> [ASSIGNMENT]:
Only the pictures are dropped; the lines of the material that follow are returned exactly.

> [DATA EXCERPT]:
────────────────────

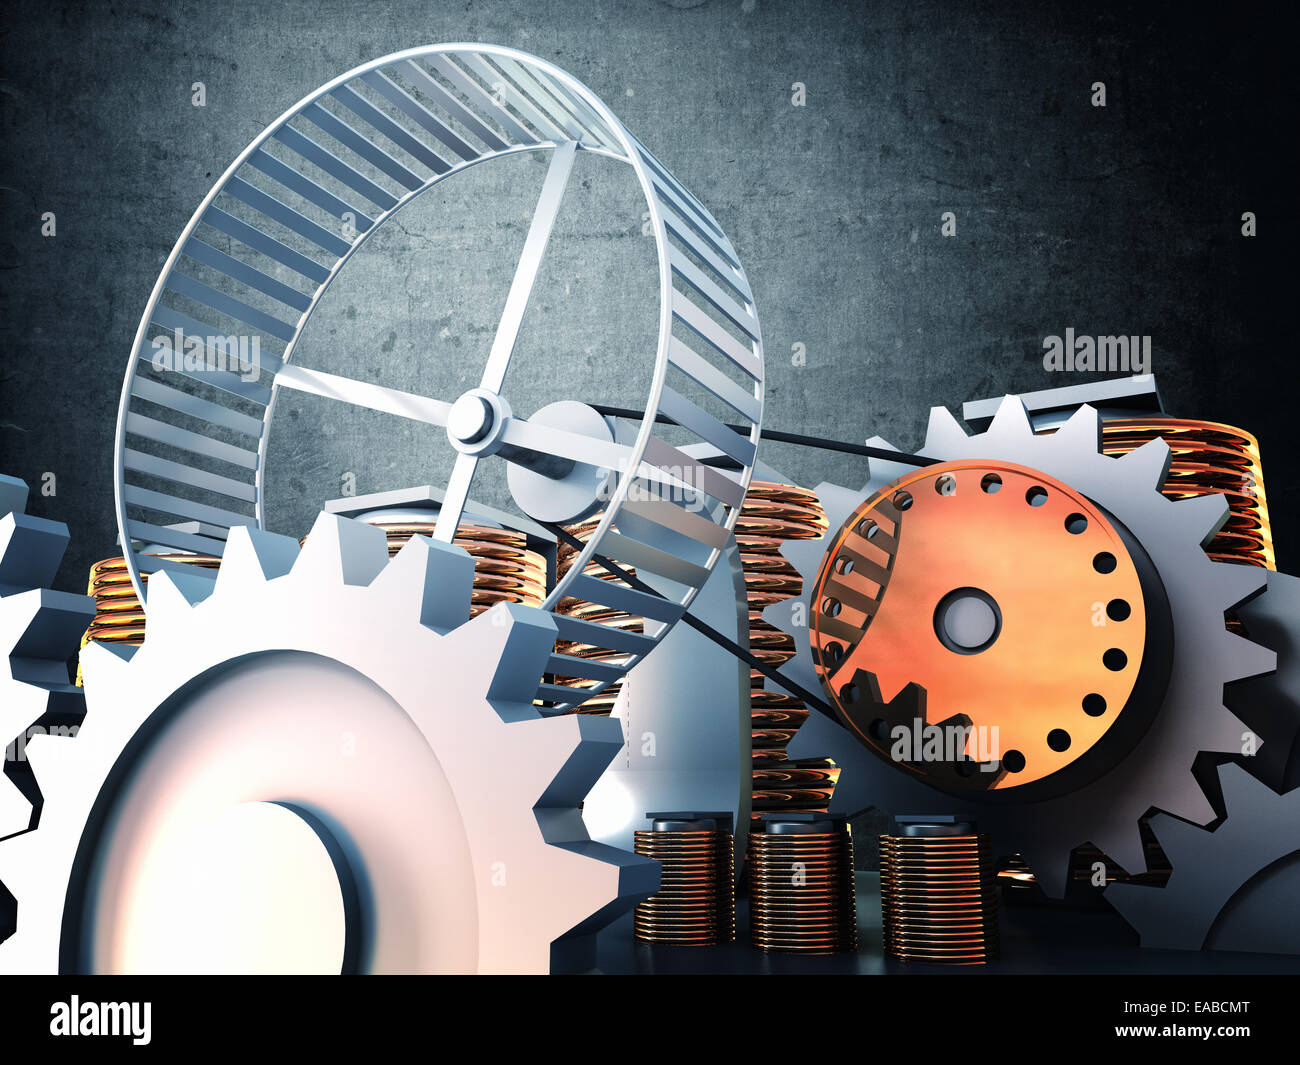 3d image of abstract power generator Stock Photo
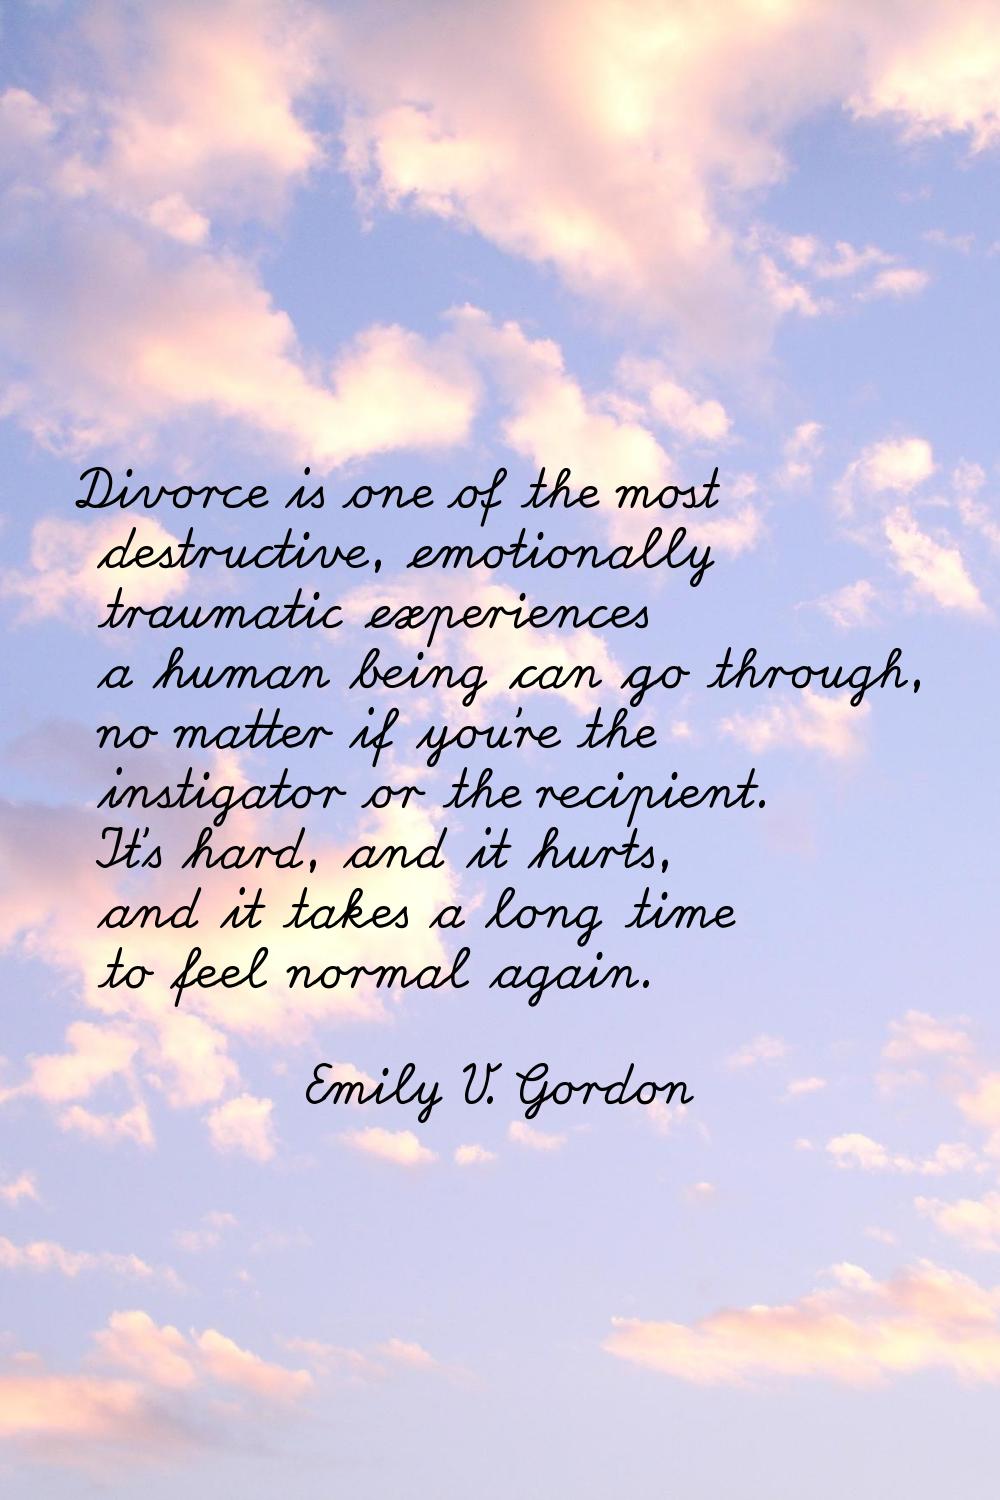 Divorce is one of the most destructive, emotionally traumatic experiences a human being can go thro
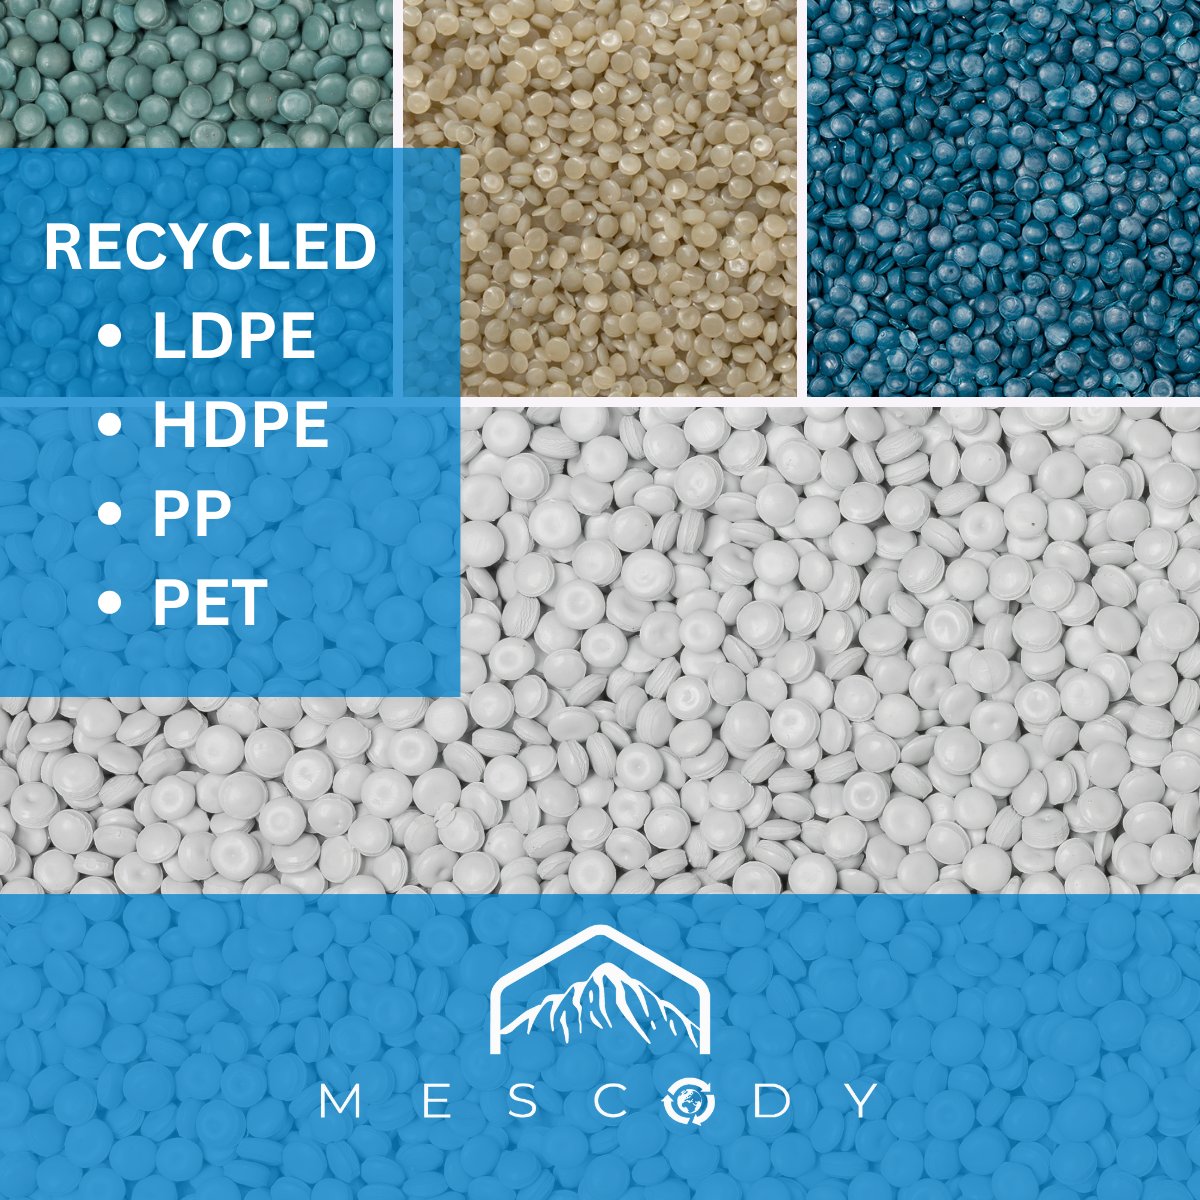 At Mescody SA, sustainability is woven into the core of our business. We're excited to offer a range of recycled materials - LDPE, HDPE, PP, and PET - to support a greener future. #MescodySA #RecycledMaterials #Sustainability #AffordableSolutions #Innovation #GreenFuture

────────────────────

> [COMPLETED TASK]:
 3d image of abstract power generator Stock Photo
 Divorce is one of the most destructive, emotionally traumatic experiences a human being can go thro
 At Mescody SA, sustainability is woven into the core of our business. We're excited to offer a range of recycled materials - LDPE, HDPE, PP, and PET - to support a greener future. #MescodySA #RecycledMaterials #Sustainability #AffordableSolutions #Innovation #GreenFuture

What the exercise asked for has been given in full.